Thermodynamic method the impact on the bottom zone of the well

 

The invention relates to mining and can be used for development and rehabilitation of well production wells, reduced due to clogging of the formation of tar and asphalt-wax formations. When using thermodynamic method the impact on the bottom zone of the well to increase the pressure of the heating fluid in the isolated packers interval of the well against the reservoir. For this pumped fluid on the circuit: the output submersible borehole pump - hydraulic resistance is isolated by packers interval of the well - log submersible borehole pump until decolletee reservoir and fracturing. Use hydraulic resistance, is capable of changing the flow area depending on the viscosity of the pumped fluid under the action of temperature change. Maintaining optimum flow rate of liquid pumped by the pump when changing the viscosity of the downhole fluid and the presence of mechanical impurities. 1 Il.

The invention relates to mining and can be used for development and no-tar and paraffin formations.

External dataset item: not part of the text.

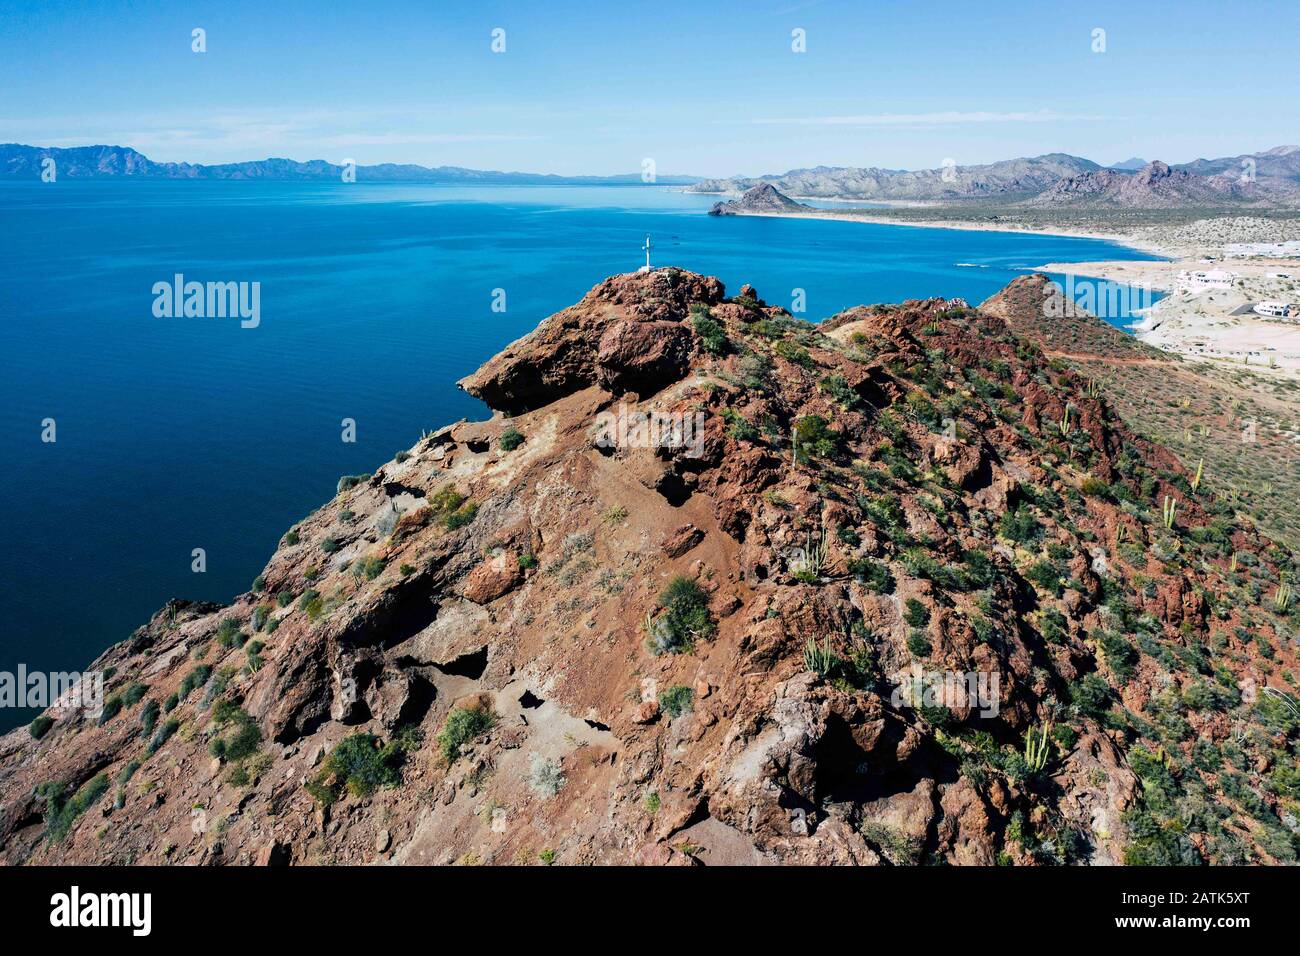 Vista aerea de Kino o bahía de Kino, Sonora, Mex en el golfo de california. playa kino, oceano pacifico, mar de Cortez mar, arena, playa, oceano, dest Stock Photo

Known downhole choke heater (Degtyarev B. C., Bookkeeper E. B. Fighting hydrates during the operation of gas wells in the Northern areas. - M.: Nedra, 1976), based on the transformation of the energy of the fluid pressure in the warmth.

However, the application of the throttle heater is associated with high costs due to the use of at least three columns, tubing, and low efficiency due to the hydraulic resistance and the pressure loss in the threaded connections of tubing.

There is a method of hydraulic fracturing (Soloviev, N. and other Patent No. 2046184 "Method of hydraulic fracturing", CL. E 21 In 43/26, 1995), in which increased pressure in the isolated section of the layer is carried out by heating the liquid by installing an electric heater.

The drawback is the small amount of energy transmitted in the bottom zone.

The known method the impact on the bottom zone of the oil well (A. Shipulin Century, Zagrivny E. A., Kudryashov B. B. and other Patent No. 2164597, "Thermodynamic effect on the bottomhole zone", CL. E21 In 43/25, in which the heating fluid is produced due to the turbulent motion of the liquid with mechanical stirring.

However estrogen vibration and increase reliability to an acceptable level.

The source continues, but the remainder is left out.